While two key members of the original team had left – most notably Lara's creator Toby Gard, who was replaced by Stuart Atkinson – the design team for Tomb Raider II was expanded to more than double its original size. A decision was made early on to keep the engine from the first Tomb Raider, adopting a tweak-and-improve approach, rather than starting over from scratch. This, combined with the larger development team, led to a shorter development time than that of the original game. Minor camera issues and polygon glitches were fixed, while new features were added, such as dynamic lighting and a more flexible control system. With the improvements to the graphics engine, a larger number of polygons could be rendered on screen, allowing large outdoors areas and more atmospheric effects.

Lara's appearance in Tomb Raider II was given a make-over by the new designer, Stuart Atkinson, giving her a free-flowing ponytail, smoother features, and several new outfits which changed over the course of the game. While in China and Venice she sported her signature "Tomb Raider outfit" (a tanktop and shorts), in the ocean-based levels she donned a half-body wetsuit and in Tibet she wore a flight jacket. Lara's revolving wardrobe would become a trademark of the series going forward.

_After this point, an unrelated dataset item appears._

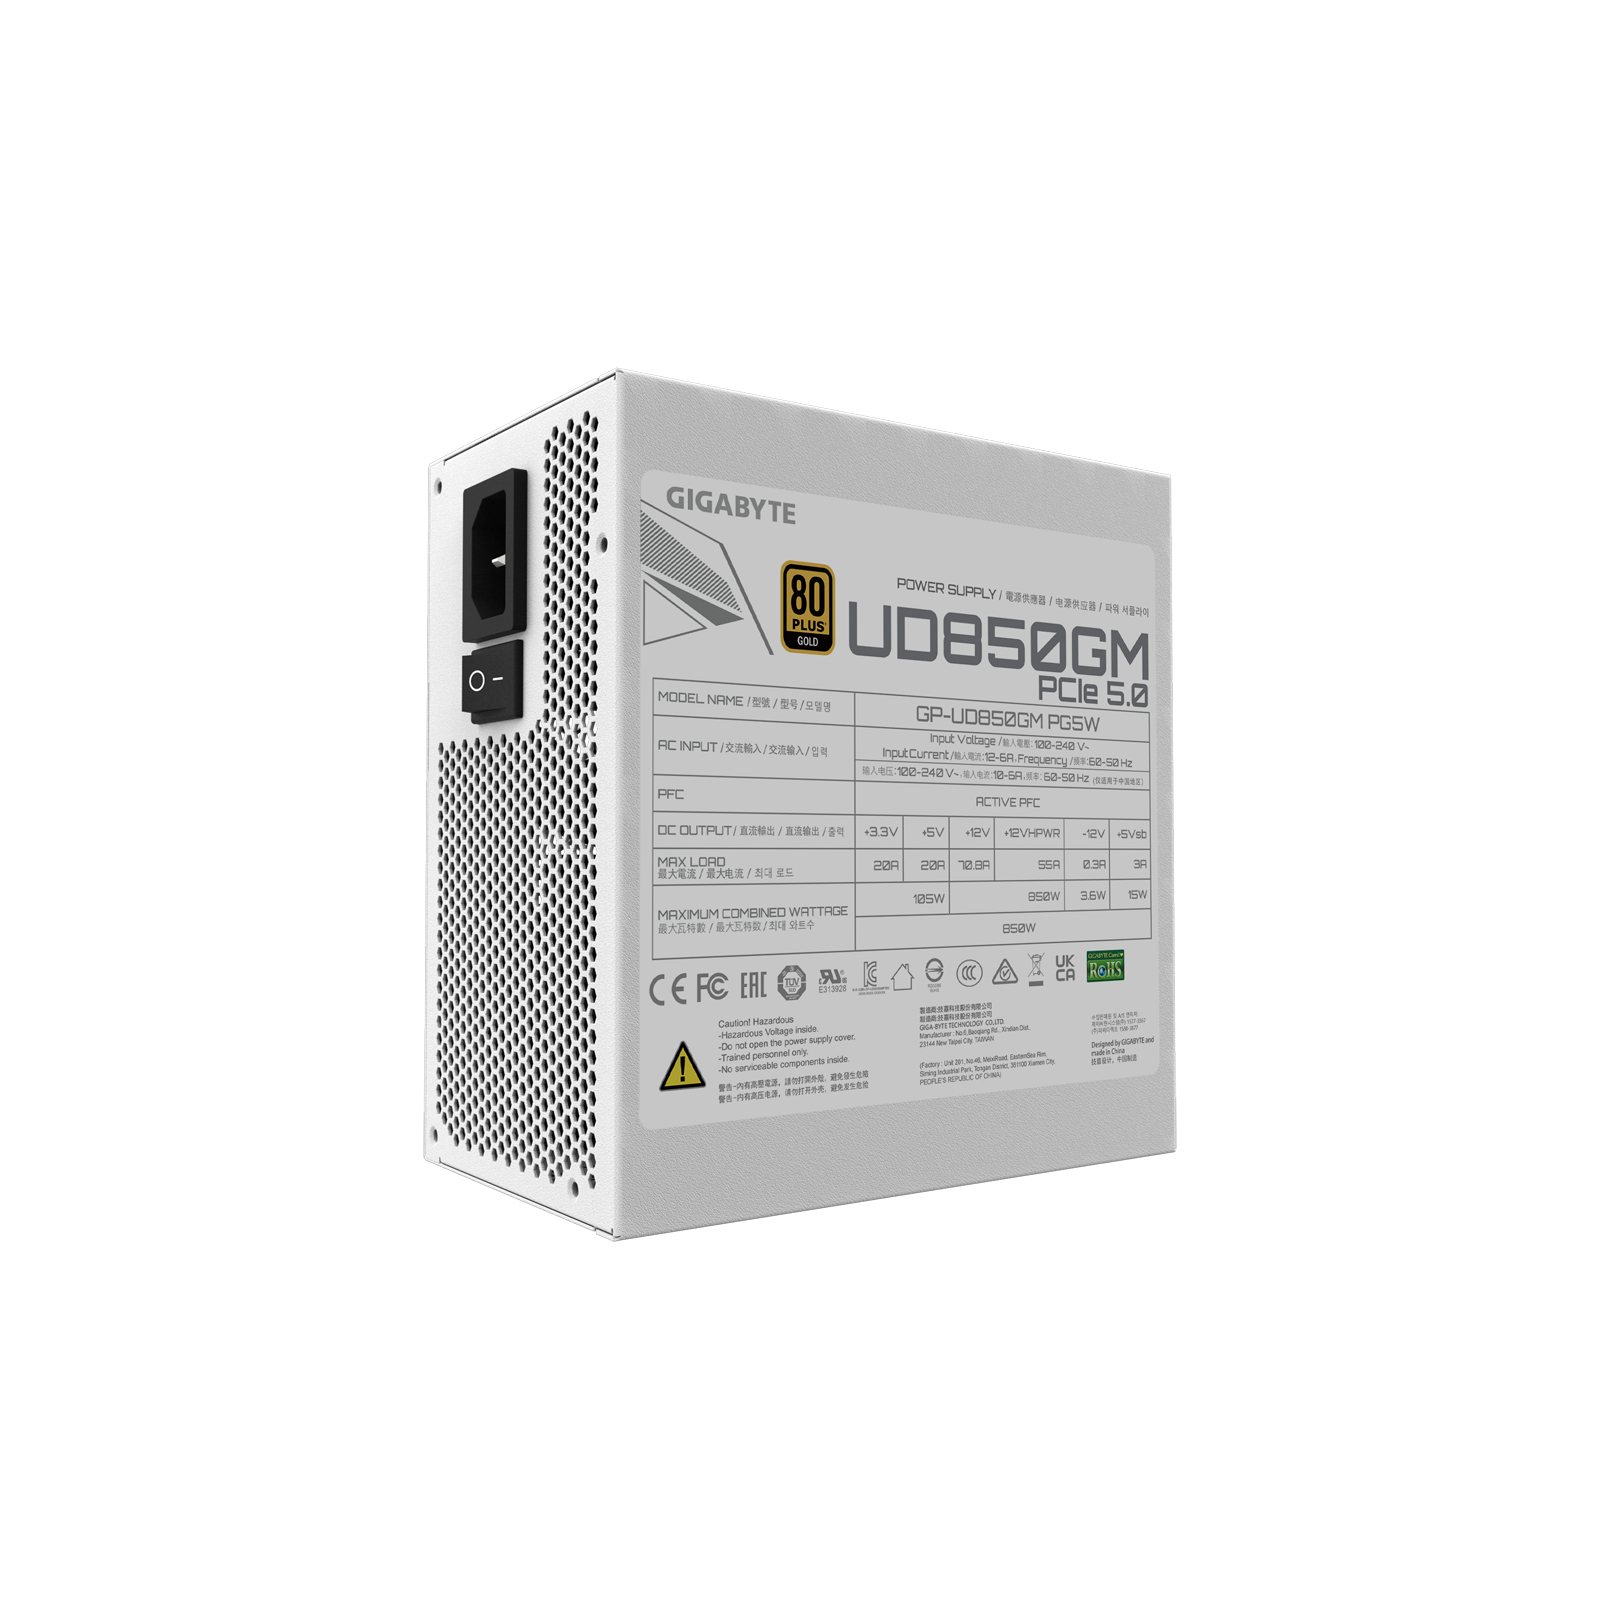 Блок питания GIGABYTE 850W (GP-UD850GM PG5W) изображение 3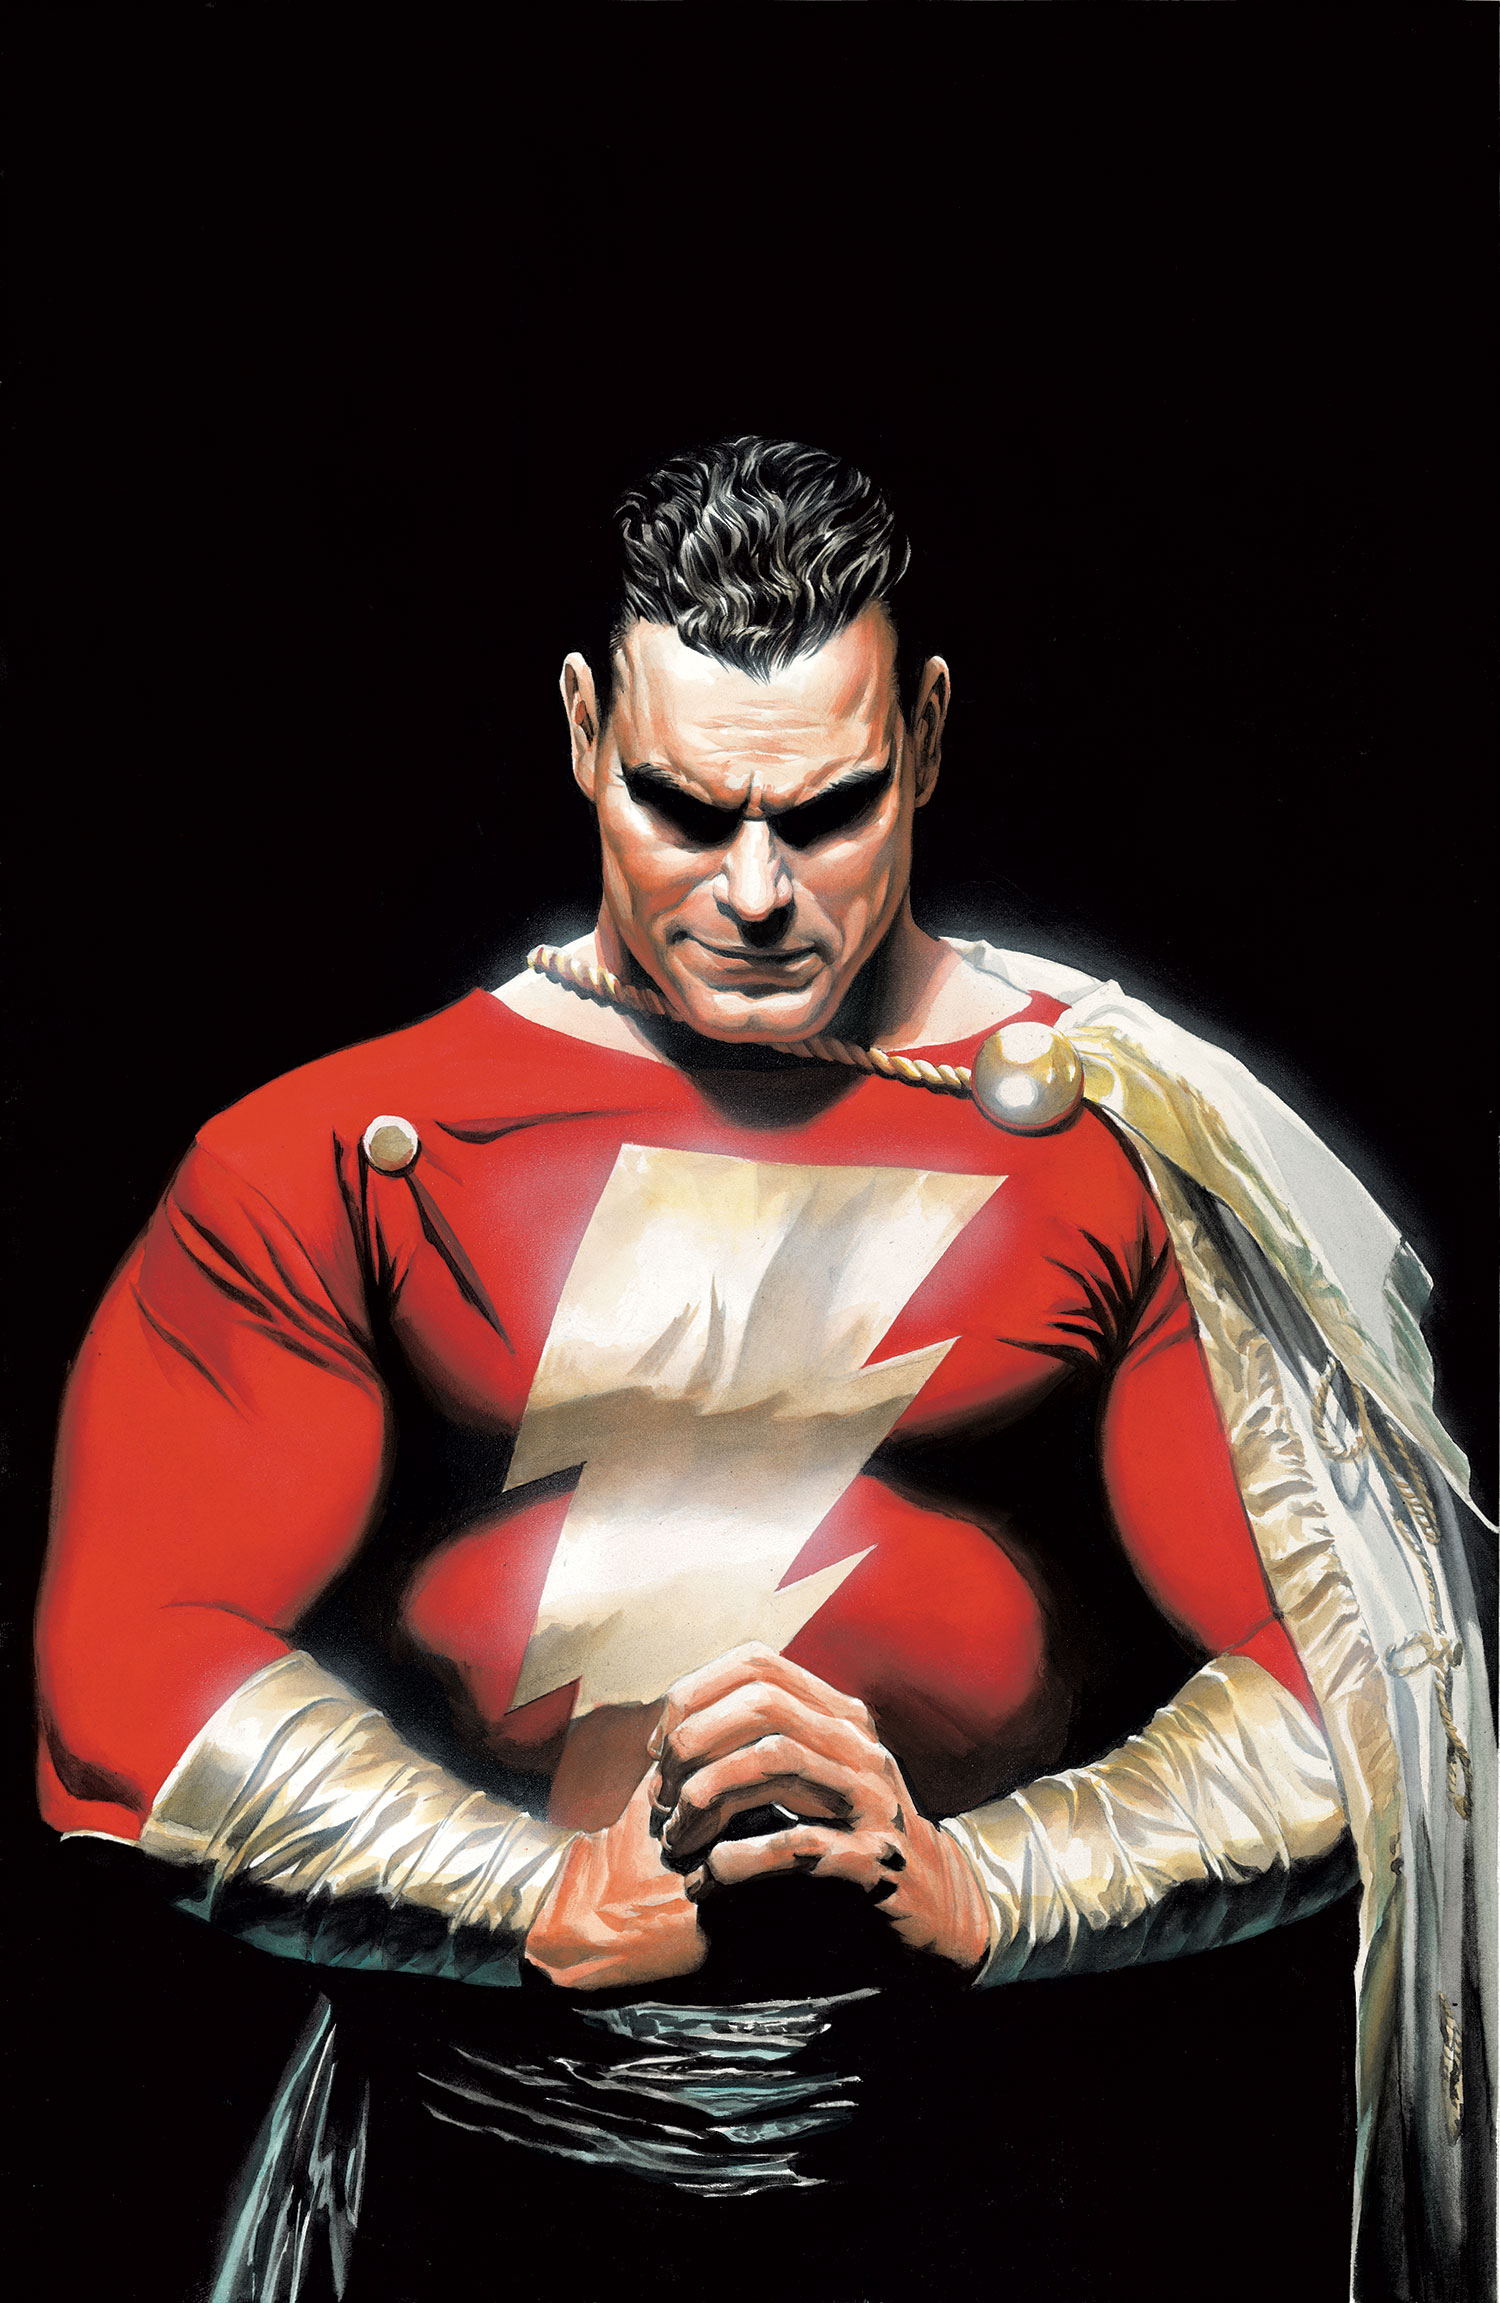 Figurine super-héros asst. dc heroes superman flash shazam

Core Design used a custom built level editor that made it possible to explore each stage as it was being created, allowing levels to be play tested on the fly and eliminating glitches. A team of six playtesters continually tested the game up until the final hours before it was sent to Sony for final approval.

While the original Tomb Raider was released on both the PlayStation and Sega Saturn game consoles, Tomb Raider II was no longer designed for the Sega Saturn despite having been confirmed as a target platform for the game in the first place. Following the cancellation announcement, Adrian Smith cited technical limitations of the console to program an adequate conversion. In September 1997, Sony Computer Entertainment signed a deal with Eidos to make console releases for the Tomb Raider franchise exclusive to the PlayStation, preventing the Sega Saturn or the Nintendo 64 from having any Tomb Raider game released for it until 2000, a deal that would prove very beneficial to Sony both in terms of revenue and also in further cementing the PlayStation's growing reputation as the go-to system for must-have exclusive titles.

Shelley Blond did not reprise her role as Lara Croft from the previous game. Instead, Judith Gibbins voiced Lara in Tomb Raider II.


Soundtrack

The score for Tomb Raider II was composed by Nathan McCree, who previously had composed the score for the original Tomb Raider. He spent three months working for Tomb Raider II.

All music composed by Nathan McCree.